• _HOW TO COMPLETE THIS TASK_: Please write out exactly the lines from the one with "Sound Quality Moscow logo" through the end of the data below, both ends included, and omit any pictures.
** STORED DATA follows **
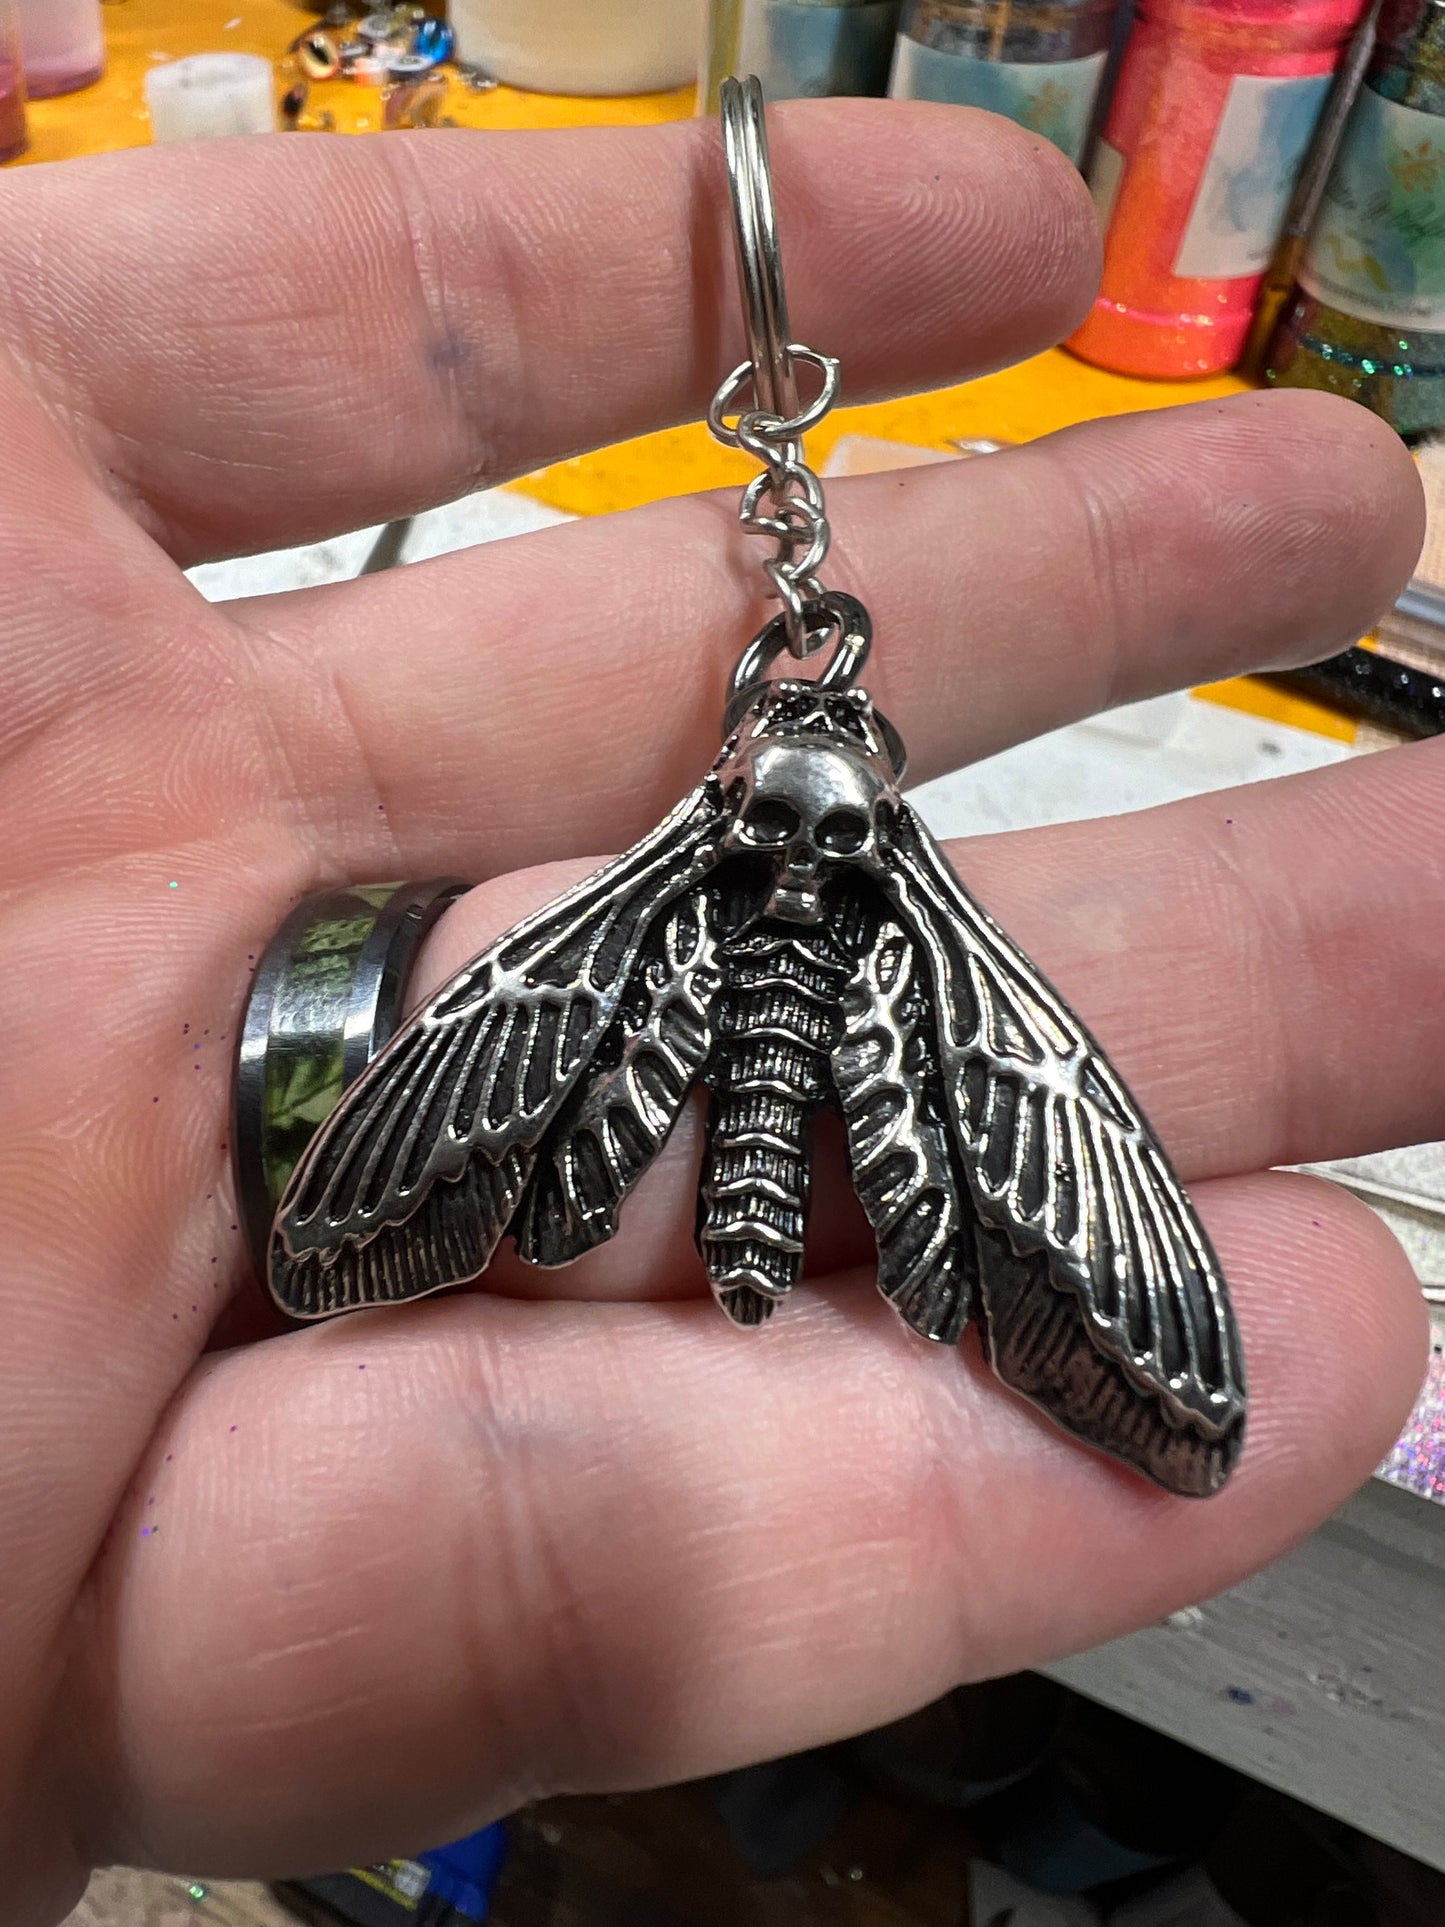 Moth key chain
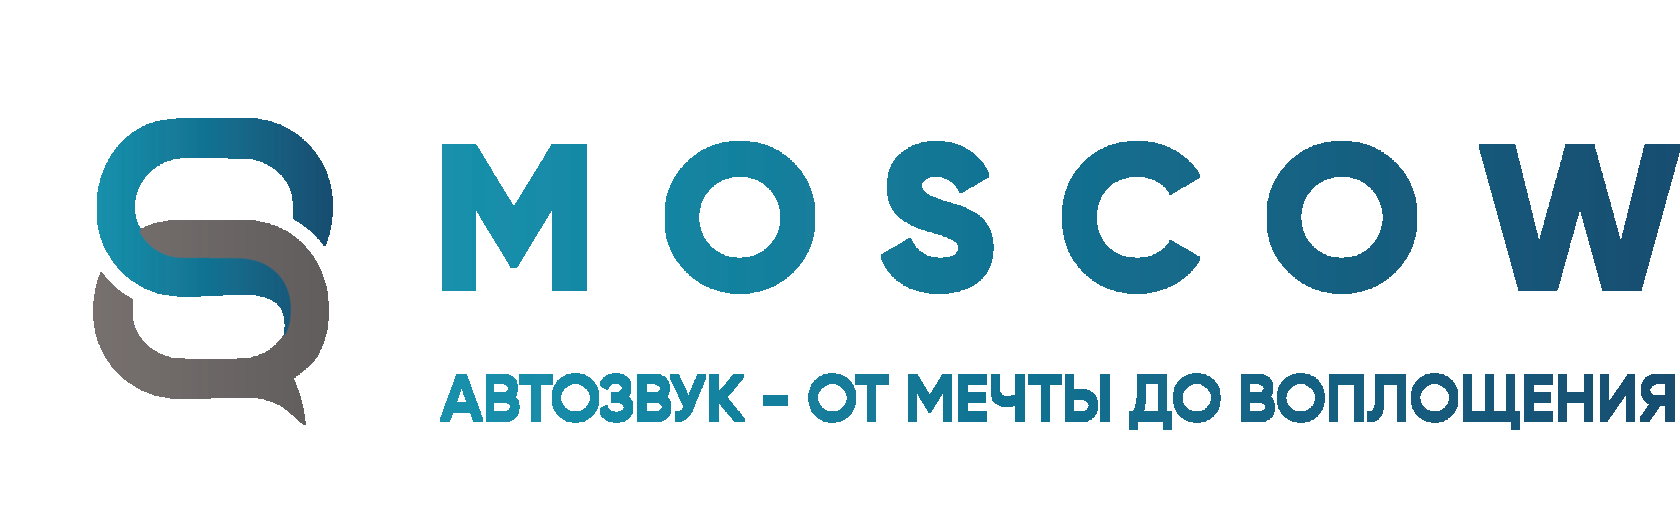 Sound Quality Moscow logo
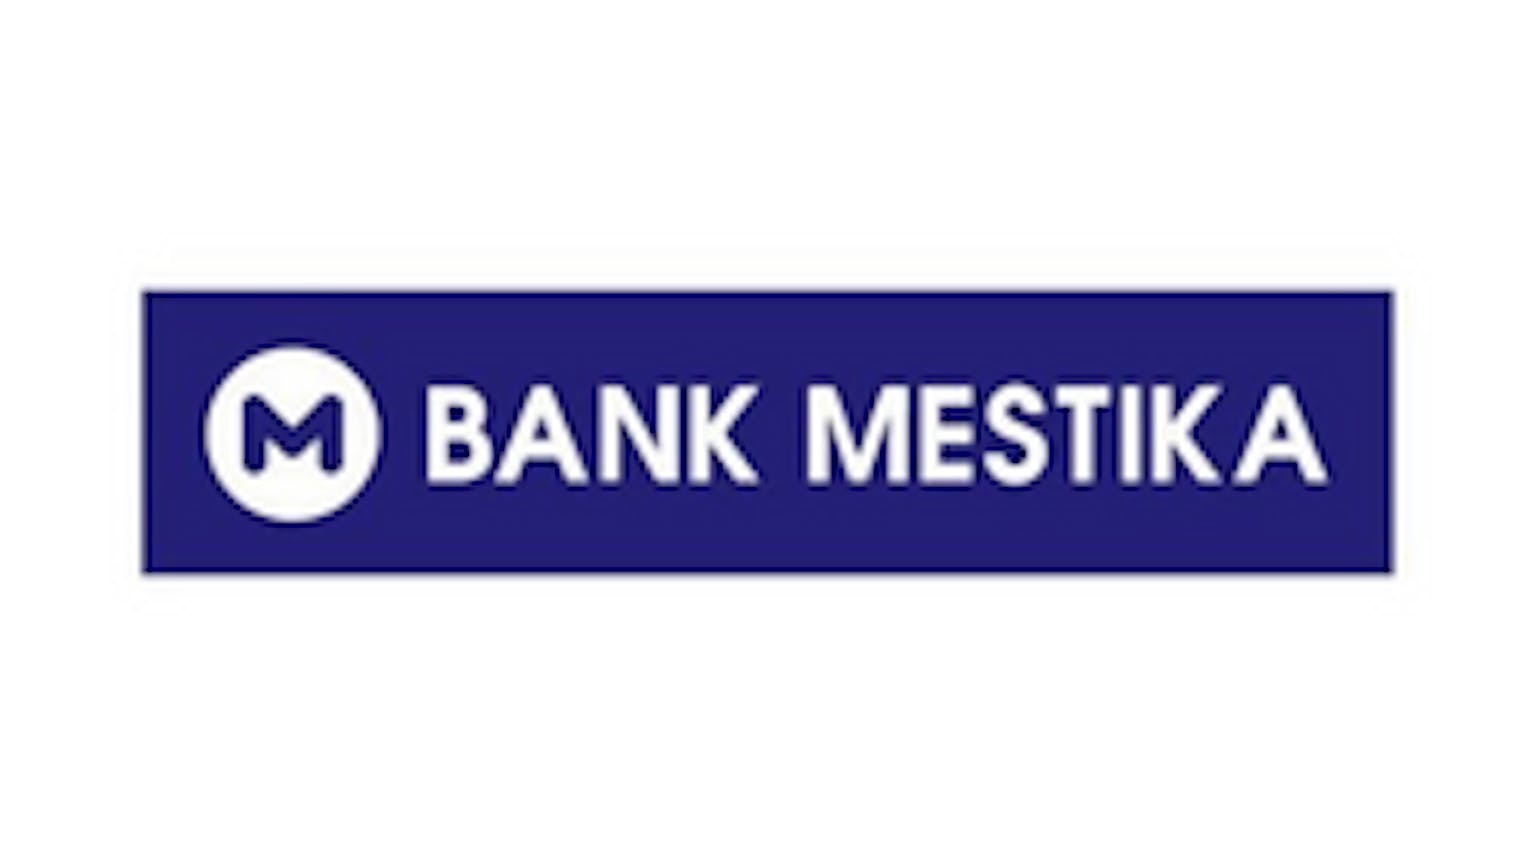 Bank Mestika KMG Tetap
** End of STORED DATA **
• _SOLUTION FOR THIS EXERCISE_:
 Sound Quality Moscow logo
 Bank Mestika KMG Tetap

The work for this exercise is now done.